__PROBLEM TO WORK ON__
Only the pictures are to be dropped; return all other data below exactly.

__DATA BLOCK__
- - - - - - -

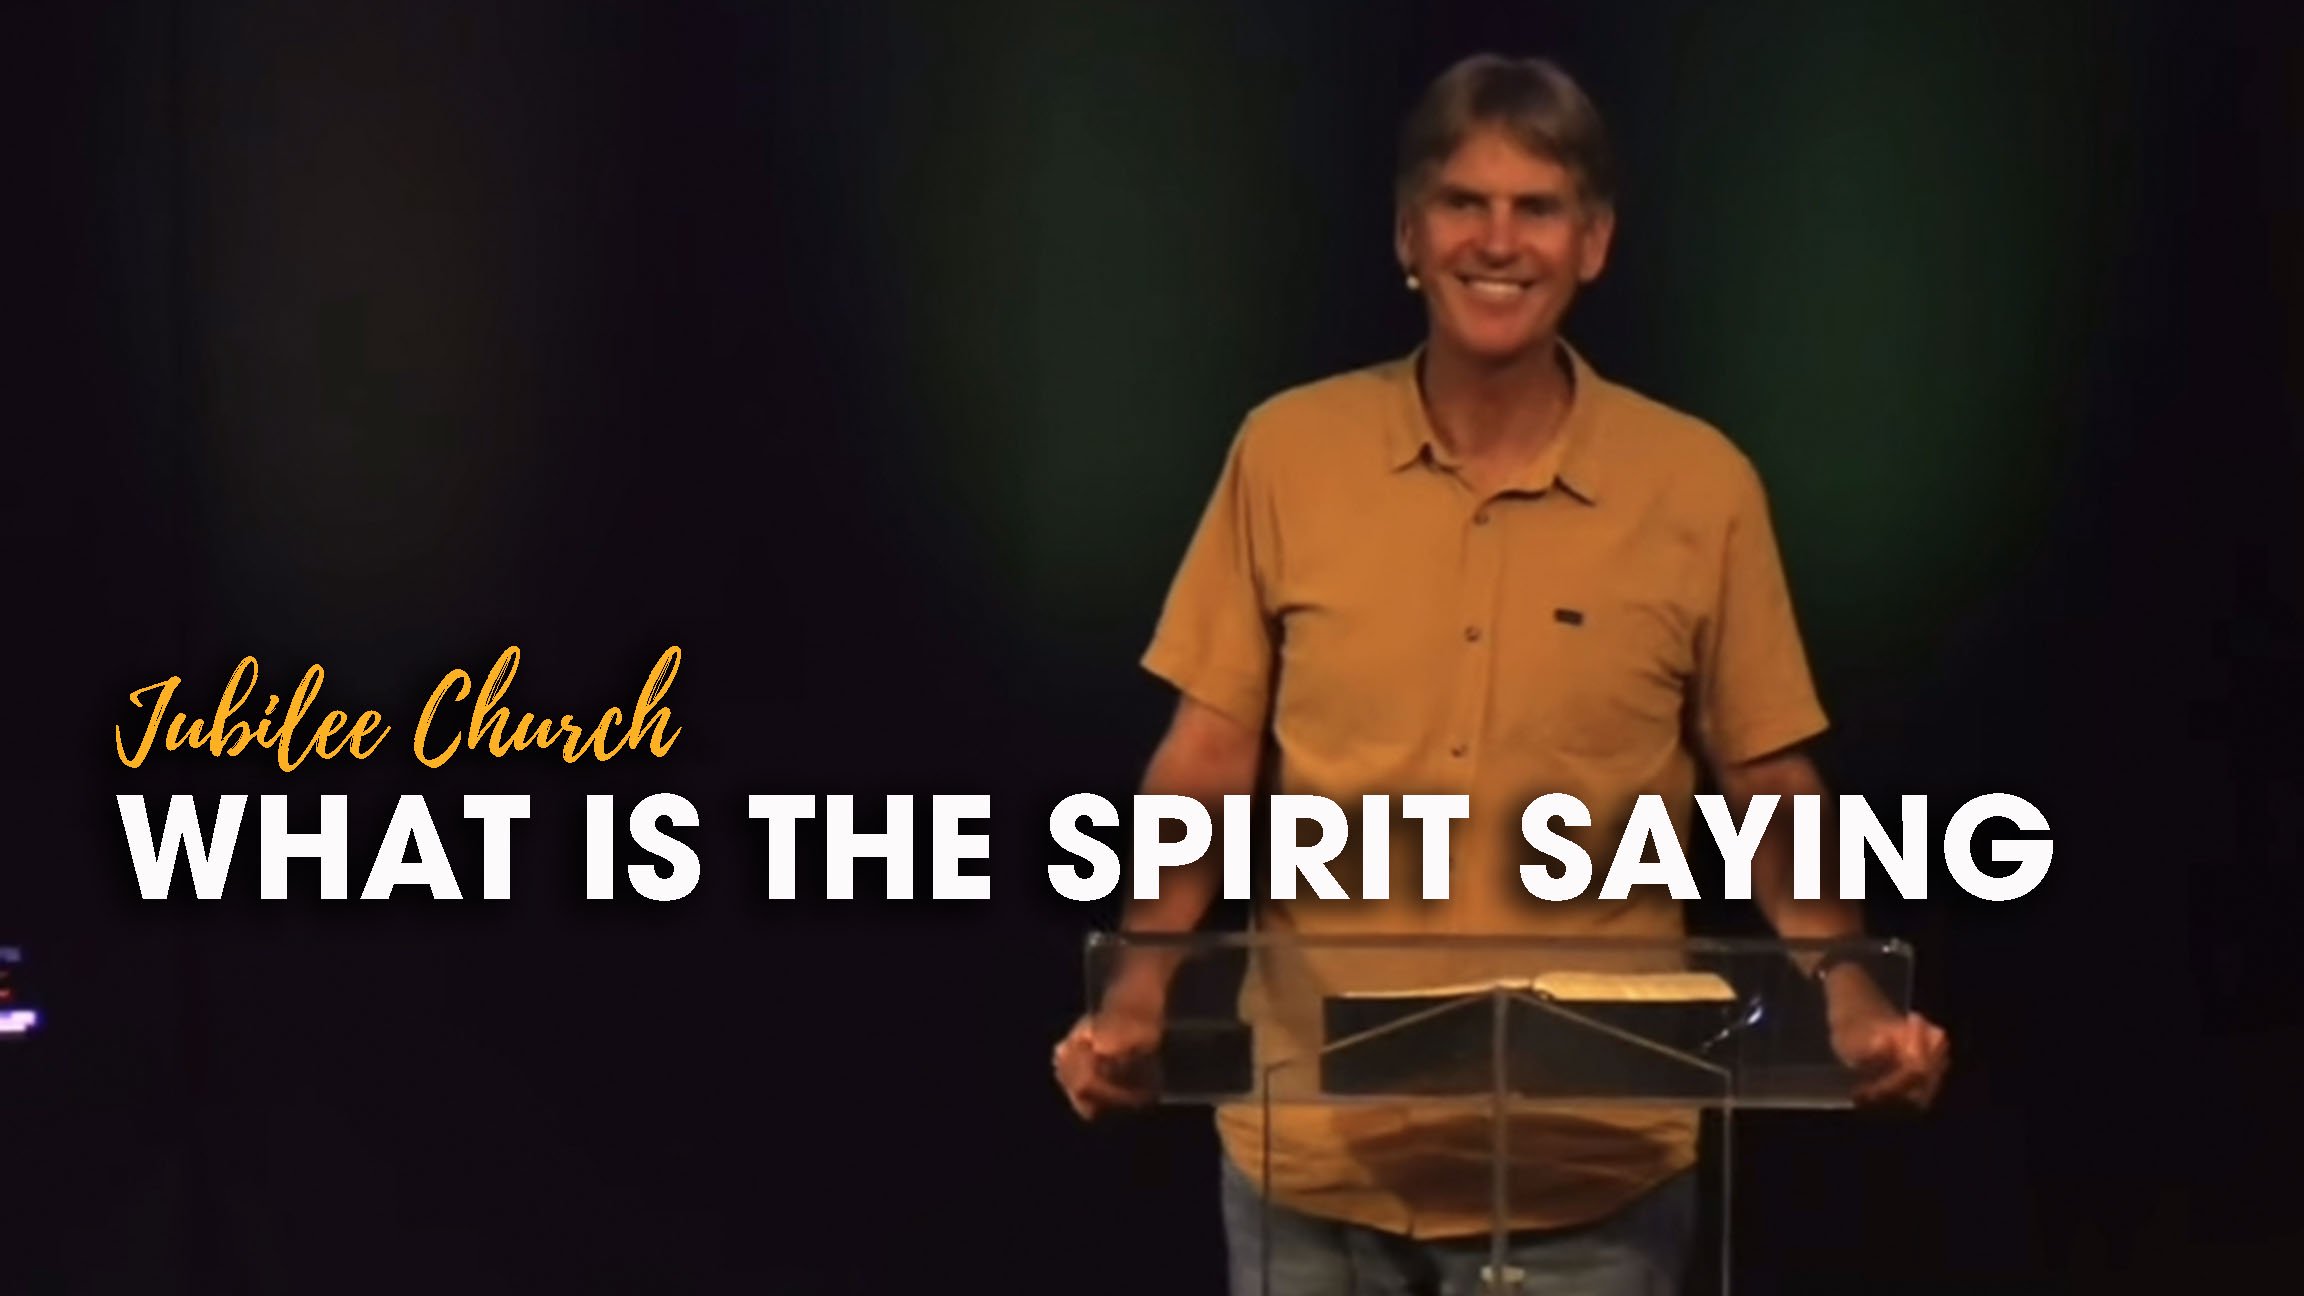 What is the Spirit Saying?
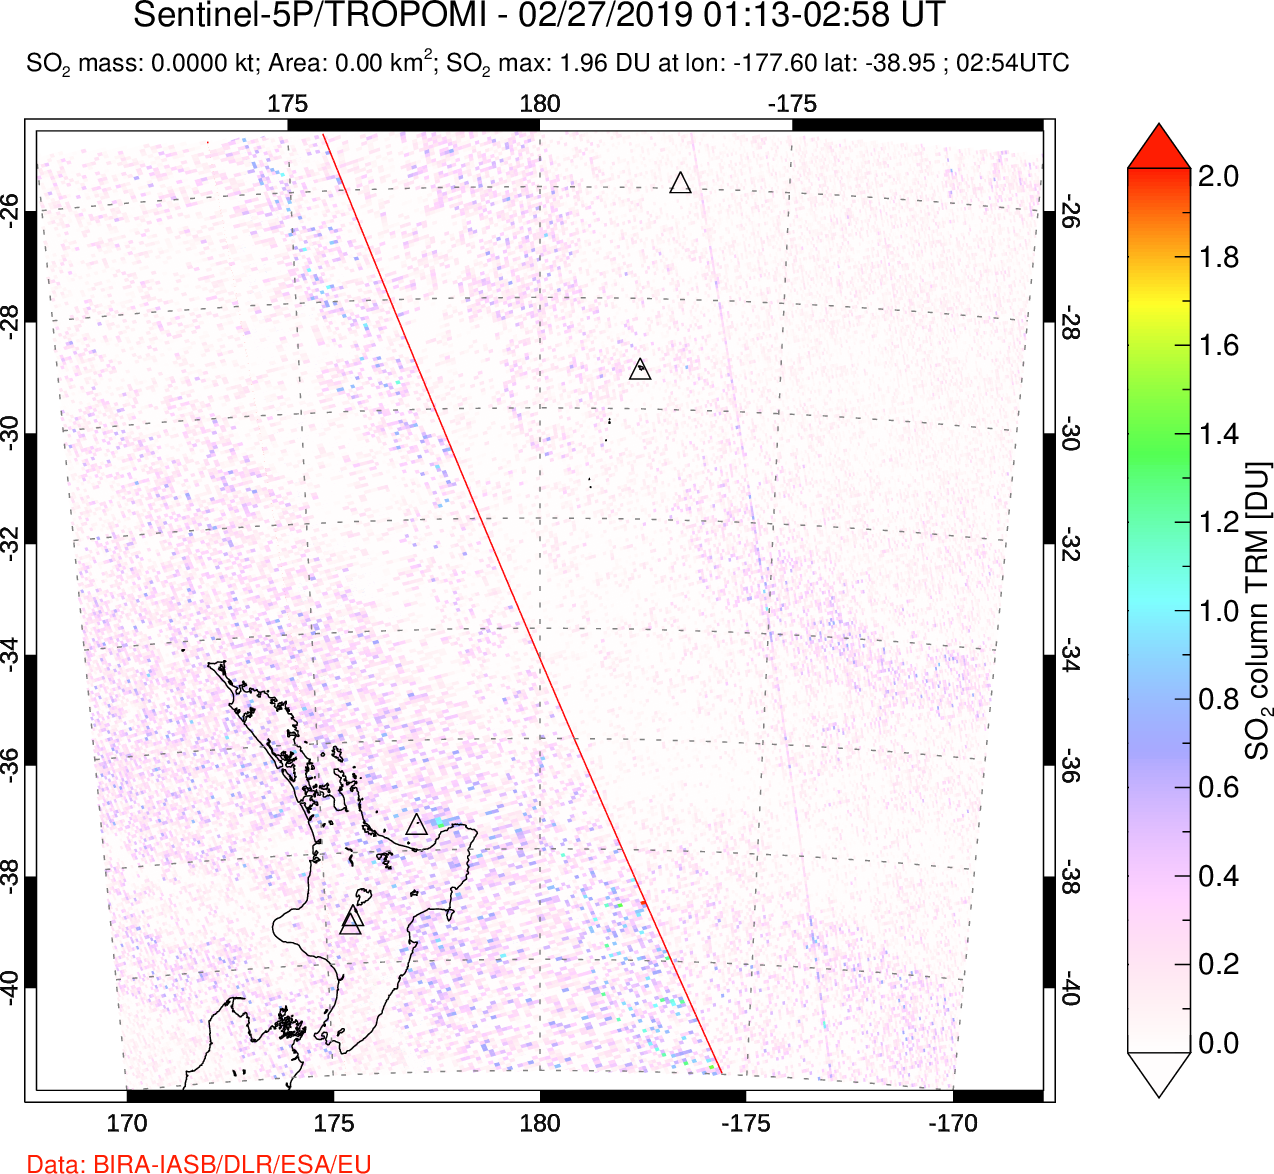 A sulfur dioxide image over New Zealand on Feb 27, 2019.
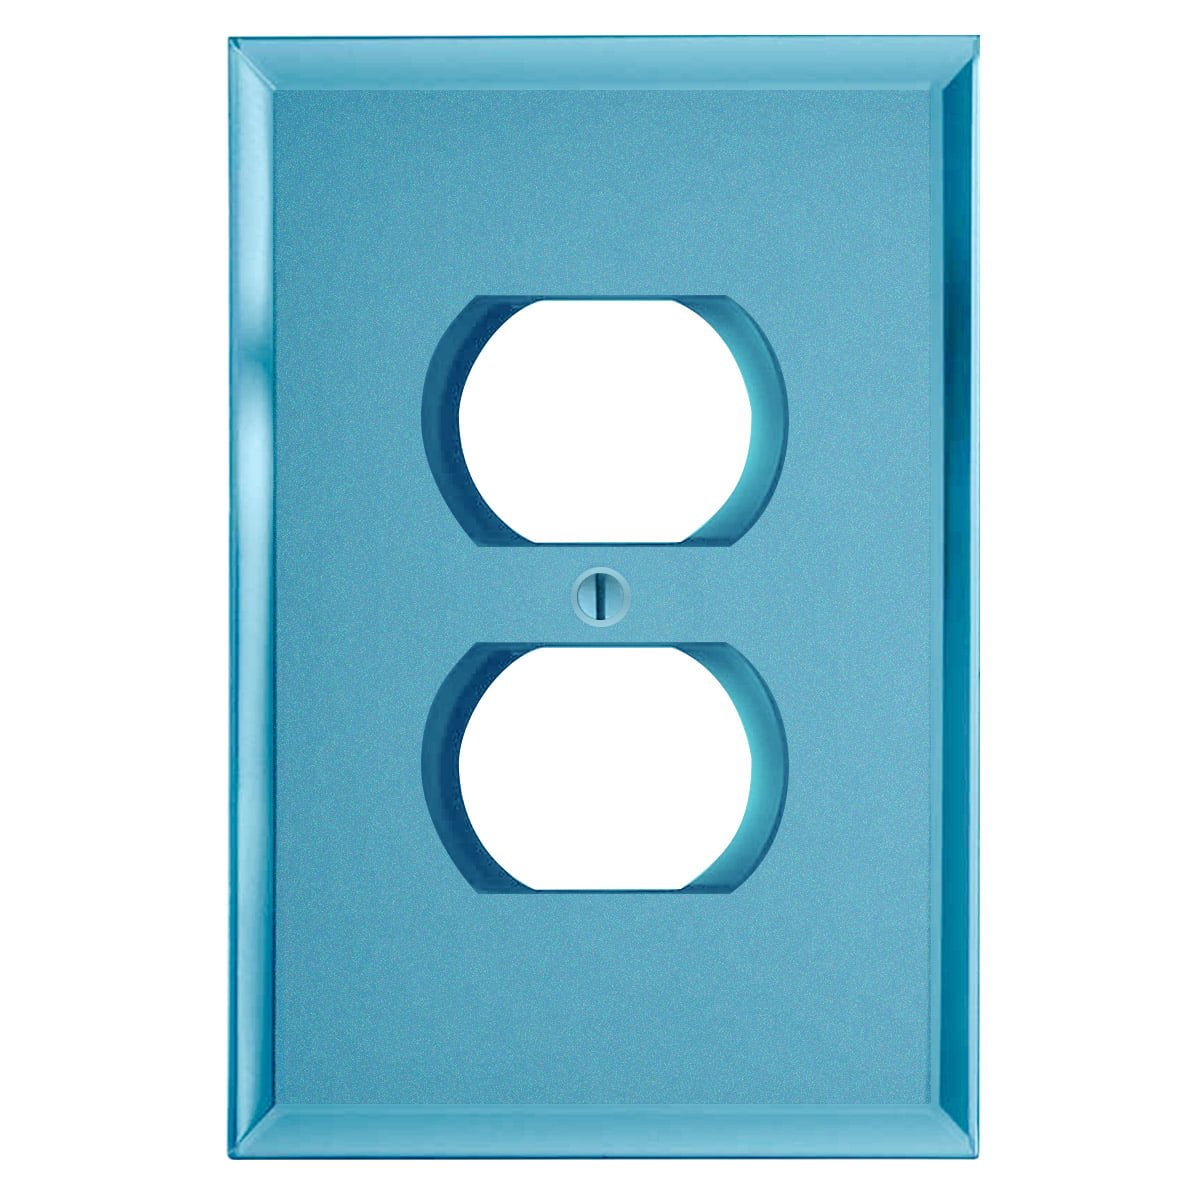 Light Panel Cover 1-Gang Device Receptacle Wallplate Single Outlet Wall Plate/Panel Plate/Cover Dolphin Light Blue Yellow Fish 
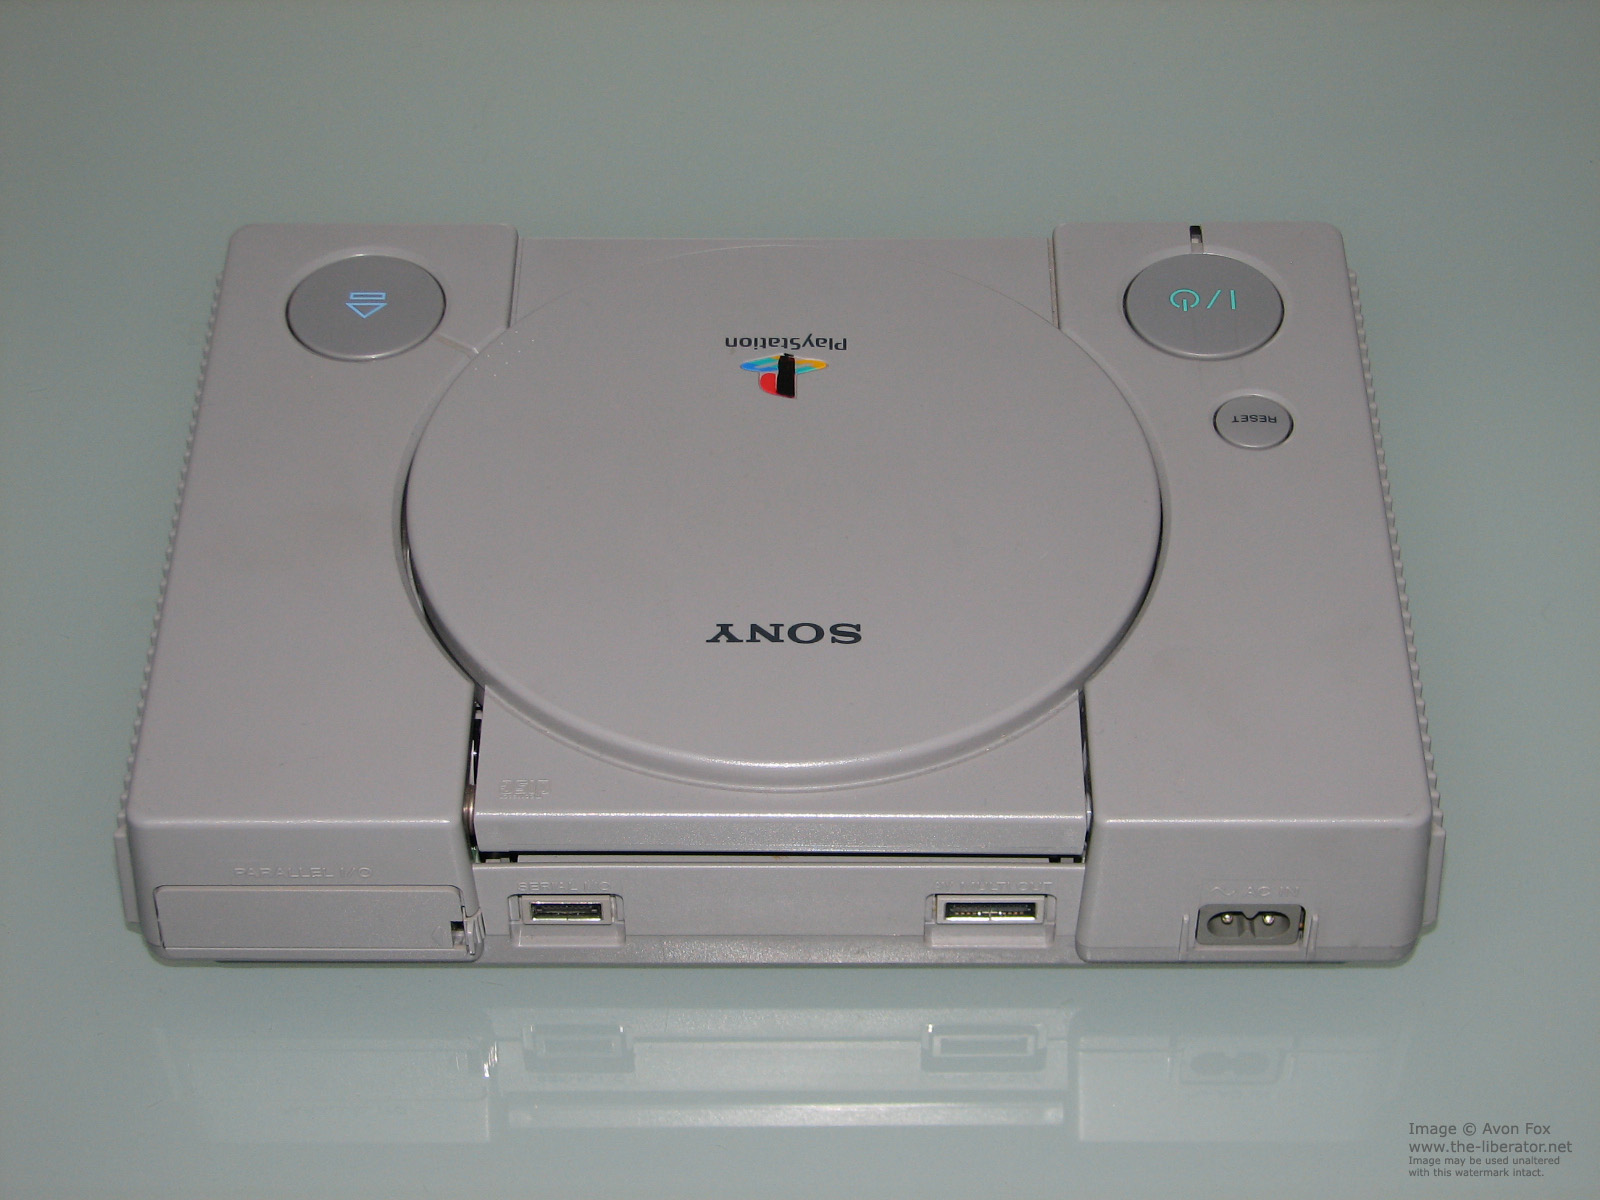 ps1 scph 7502

- - - - - - -

__EXERCISE OUTPUT__
 What is the Spirit Saying?
 A sulfur dioxide image over New Zealand on Feb 27, 2019.
 Light Panel Cover 1-Gang Device Receptacle Wallplate Single Outlet Wall Plate/Panel Plate/Cover Dolphin Light Blue Yellow Fish 
 ps1 scph 7502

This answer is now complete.